This problem needs something more than an AoA. Whenever you have a problem needing one of anything, it is best to start thinking "HASH". In this case we will need three hashes. While reading in data we will use two: one to keep track of the array associated with each list name ("mylist_1", "mylist_2", etc) and one to keep track of the name of the longest list found so far for each list member. Once we have the two hashes, we still have another step: finding only the list names that show up as longest lists. That will require using values and map as well as yet another hash.
The solution to this problem is a good illustration of three distinct, but very important uses of hashes:
- as an association between a name and a bunch of data (a string, a list, another hash, an object, etc)
- as a way of keeping track of the "most-est" - the longest, the smallest, the best, the worst, etc.
- as a way of generating unique lists from a list of possibly duplicate values
Here is the code. Please make sure you understand it. Feel free to post a reply if you have any questions: understanding how this works is far more important than the solution.

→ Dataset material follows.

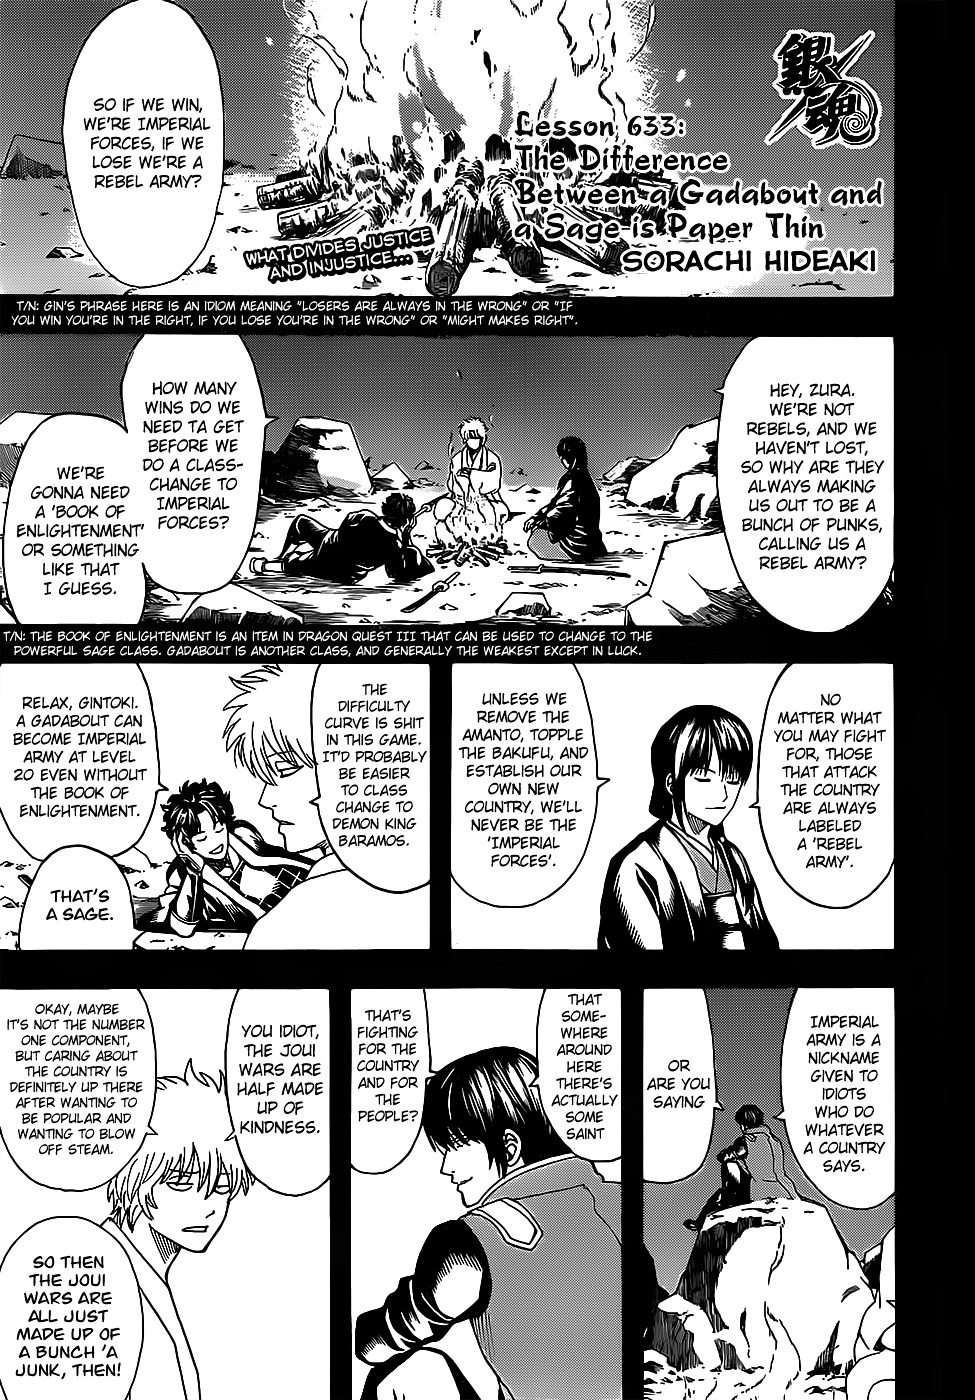 Gintama Vol.70 Chapter 633 V2 : The Difference Between A Gadabout And A Sage Is Paper Thin - Picture 1

#always good to start your scripts with these two lines
#they let the compiler do about half of the bug catching
#and can save you lots of work
use strict;
use warnings;
#First we find which is the longest list for each list
#member
my %hLists; #associate list name w/ list members
my %hLongest; #keep track of longest list for each mbr.
while(my $line=<DATA>){
#read in the list and its name
my @aListMembers=split(/\s+/,$line);
next unless scalar(@aListMembers); #skip empty lines
#remember the name of the list
my $sList = shift @aListMembers;
$hLists{$sList} = \@aListMembers;
# now for each member of the list record the name of
# the longest list found so far
my $iCount = scalar(@aListMembers);
foreach (@aListMembers) {
#we only care if its longer than what we already have
if (exists($hLongest{$_})) {
my $kLists = $hLongest{$_};
my $aList = $hLists{$kLists};
next if ($iCount <= scalar(@$aList));
}
$hLongest{$_} = $sList;
}
}
#now we only care about lists that show up as the
#longest list for at least one element so lets get
#a unique "list" of those. We do that by creating a hash
#whose keys are the thing we want to be unique. Then
#when we want the "unique list" we extract the keys of
#the hash.
my %hListsWeCareAbout = map { $_ => 1 } values %hLongest;
#now lets print out the results:
foreach (sort keys %hListsWeCareAbout) {
my $aList = $hLists{$_};
print "$_: @$aList\n";
}
__DATA__
mylist_1 sublist_153 sublist_87 sublist_876 sublist_78
mylist_6 sublist_8
mylist_2 sublist_12 sublist_34 sublist_09
mylist_3 sublist_87 sublist_09
mylist_7 sublist_8 sublist_9
mylist_9 sublist_56
Best, beth
Update: clarification of terminology, cleaned up some misuses of the word "list". Added sort to final print out. Added reminder about understanding the code. Added comments about how this problem illustrates 3 important uses of hashes.